Она не могла оставаться без работы, когда все вокруг были заняты. Перешив пуговицы на кителе и затем на шинели (по теперешней, особенно после болезни, худобе Сергея Ивановича), точно так же Никитична не допустила Наташу и к утюгу и, прыская изо рта водой на марлю, колдовала сперва над кителем, потом над брюками и шинелью, о которой Сергей Иванович сказал:
— Да разве ее гладят?
— А как же, все гладят, — возразила Никитична. — Перед народом будешь, тысяча глаз, как же не гладят, все гладят, — подтвердила она, стараясь придать этим своим словам то второе значение, какого она не умела по-иному выразить и какое испытывала, глядя на него и Наташу.

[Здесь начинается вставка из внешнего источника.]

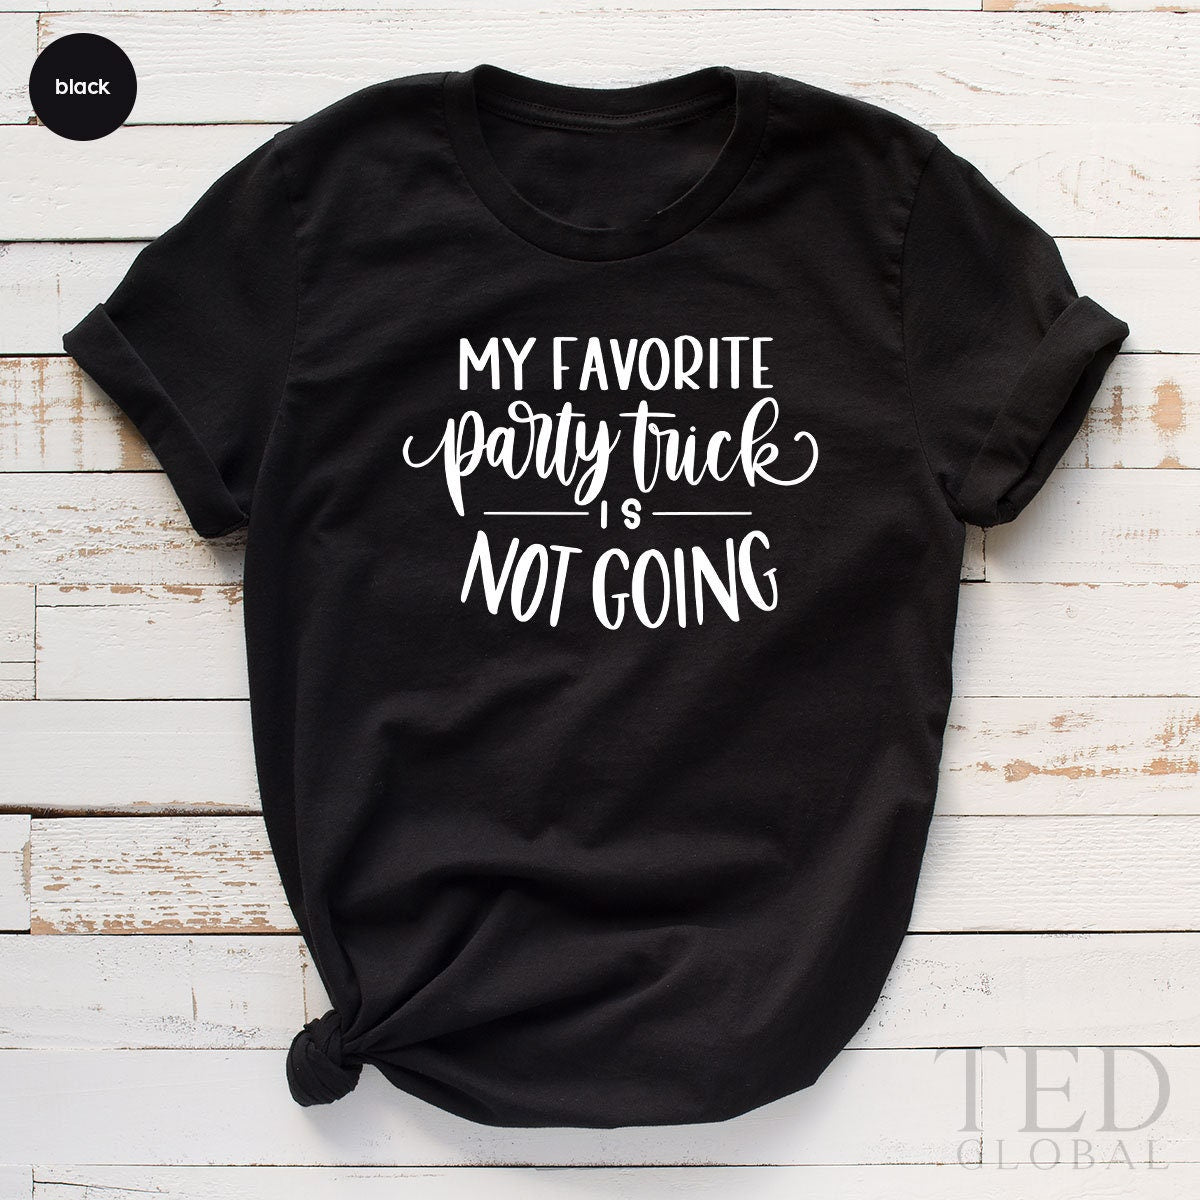 Funny Party Shirts, Sarcastic TShirt, Slogan T Shirt, Attitude Shirt, Party Humor Tee, My Favorite Party Trick Is Not Going Shirt - Fastdeliverytees.com

Утром 3 декабря все еще более были заняты сборами и, не выходя из дому, а лишь по настроению, какое было у Сергея Ивановича и передавалось им, были так возбуждены, словно событие (для чего они наряжали его) должно было изменить что-то в судьбе Наташи и судьбах Никитичны и Сергея Ивановича. Каким образом могло произойти это, было неясно. Неясно было и то, что могло измениться. Но чувство, что произойдет что-то, было; было сознание какого-то будто обновления, наступившего уже для них, и Наташа своим непривычно шумным голосом особенно подтверждала это.
— Ну орденов-то, орденов! — восклицала Никитична, всплескивая руками, в то время как Сергей Иванович со всеми своими боевыми наградами, прикрепленными к кителю, помолодевший даже будто (несмотря на болезненный вид лица и пот, постоянно проступавший то на лбу, то над верхней губой), стоял посреди комнаты, оглядываемый Наташей, обходившей его со всех сторон.
— Может, не надо? Все равно под шинелью не видно. — Он пытался возразить не потому, что хотел снять ордена и медали; ордена и медали эти, полученные им в боях, он чувствовал, теплили грудь, но то подсознательное, что после похорон Юлии, совсем еще будто недавних, и похорон матери, Елизаветы Григорьевны, с кем он делил радость, рано еще было надевать их, — подсознательное это (о чем он даже не думал сейчас) как раз и вызвало в нем неловкость, как будто и в самом деле было что-то нескромное или нехорошее в том, что он делал.
— Нет, без орденов нельзя, — убеждала его Наташа. — Ты же сам говорил, что в этом твоя жизнь. — И, не желая больше слушать его, принималась опять поправлять на груди его неровно прикрепленные (ею же) медали.
Суета сборов так закружила и Наташу и Никитичну, что, когда все вышли из дому, оказалось, что шерстяной шарф, приготовленный для Сергея Ивановича на стуле в прихожей, так и остался лежать там. Но обнаружилось это не сразу- Лишь когда подходили уже к площади Белорусского вокзала, Наташа вдруг заметила, что у отца раскрыта грудь.
— Как же так! — изумилась она, укоризненно взглянув на Никитичну. — Да и сам-то ты ну как дитя малое, — с тем присвоенным правом на старшинство и опеку, как она привыкла обращаться с отцом во время его болезни, сказала Наташа. Ей доставляло радость заботиться о нем, и она, выговаривая теперь отцу за его беспомощность, не только, в сущности, не сердилась на него, но была даже благодарна, что он предоставлял ей возможность проявить себя. — Может быть, мой, — предложила сна, снимая с себя шарф. — Хотя нет, я лучше сбегаю и принесу, — сказала она (по тому непроизвольному чувству из двух возможных вариантов сделать добро выбирала тот, что был труднее).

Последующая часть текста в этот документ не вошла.